De rechtbank overweegt dat de Nederlandse rechter bevoegd is om kennis te nemen van het verzoek, aangezien verzoeker de Nederlandse nationaliteit heeft en het verzoek betrekking heeft op een akte die binnen het rechtsgebied van de rechtbank is ingeschreven. De rechtbank constateert dat er op dit moment geen wettelijke regeling bestaat die non-binaire personen de mogelijkheid biedt om zich als genderneutraal te registreren. Desondanks is er een maatschappelijke en juridische trend naar erkenning van een neutrale geslachtelijke identiteit. De rechtbank wijst erop dat het individuele belang van verzoeker bij een correcte registratie in de geboorteakte zwaarder weegt dan het algemene belang bij het afwachten van wetgeving.

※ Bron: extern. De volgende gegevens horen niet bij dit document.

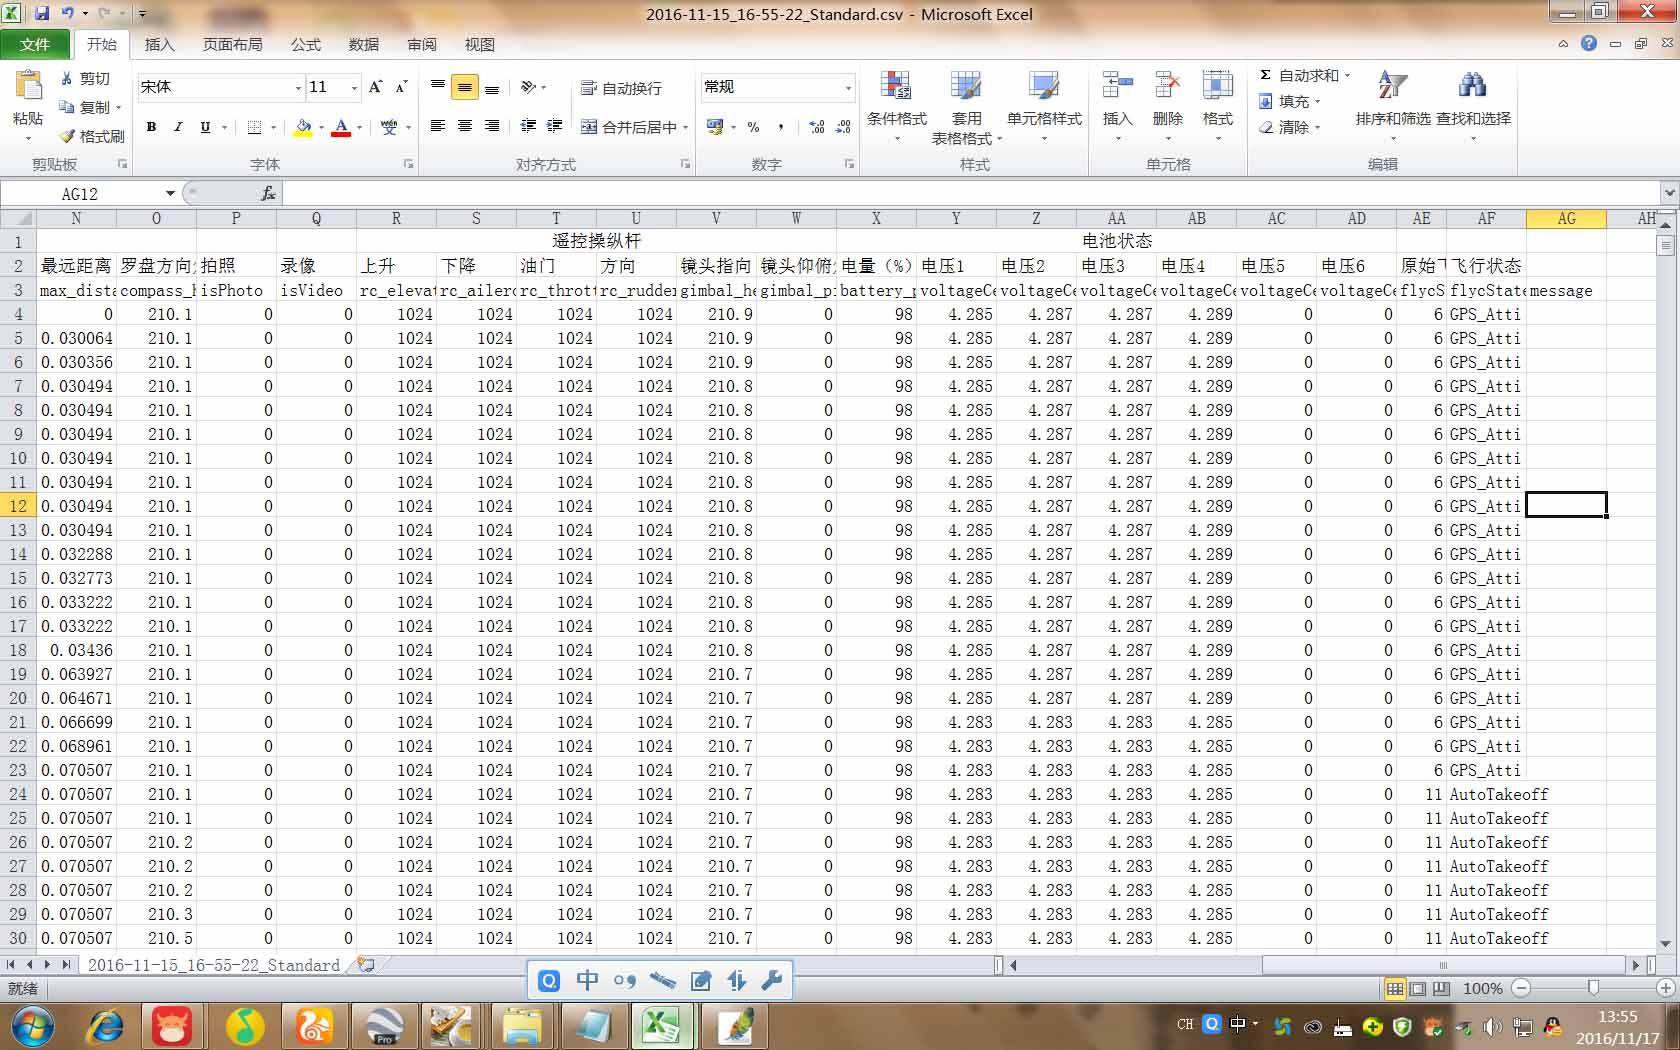 飞行记录详细数据-6.jpg

De rechtbank heeft vastgesteld dat verzoeker voldoende heeft onderbouwd dat hij de duurzame overtuiging heeft een genderneutrale persoon te zijn. De overgelegde deskundigenverklaring bevestigt deze identificatie. Daarom heeft de rechtbank besloten het primaire verzoek tot wijziging van het geslacht in 'X' toe te wijzen. Tevens is het verzoek tot voornaamswijziging in '[voornaam]' toegewezen, omdat verzoeker deze naam al sinds 2017 gebruikt en zich daarmee identificeert. De rechtbank heeft de ambtenaar van de burgerlijke stand gelast om de geboorteakte aan te passen en heeft het meer of anders verzochte afgewezen. De beschikking is gegeven door mrs. Van de Kraats, Van Leuven en Van Noort, en in tegenwoordigheid van mr. De Wit, griffier, in het openbaar uitgesproken door mr. Van Leuven.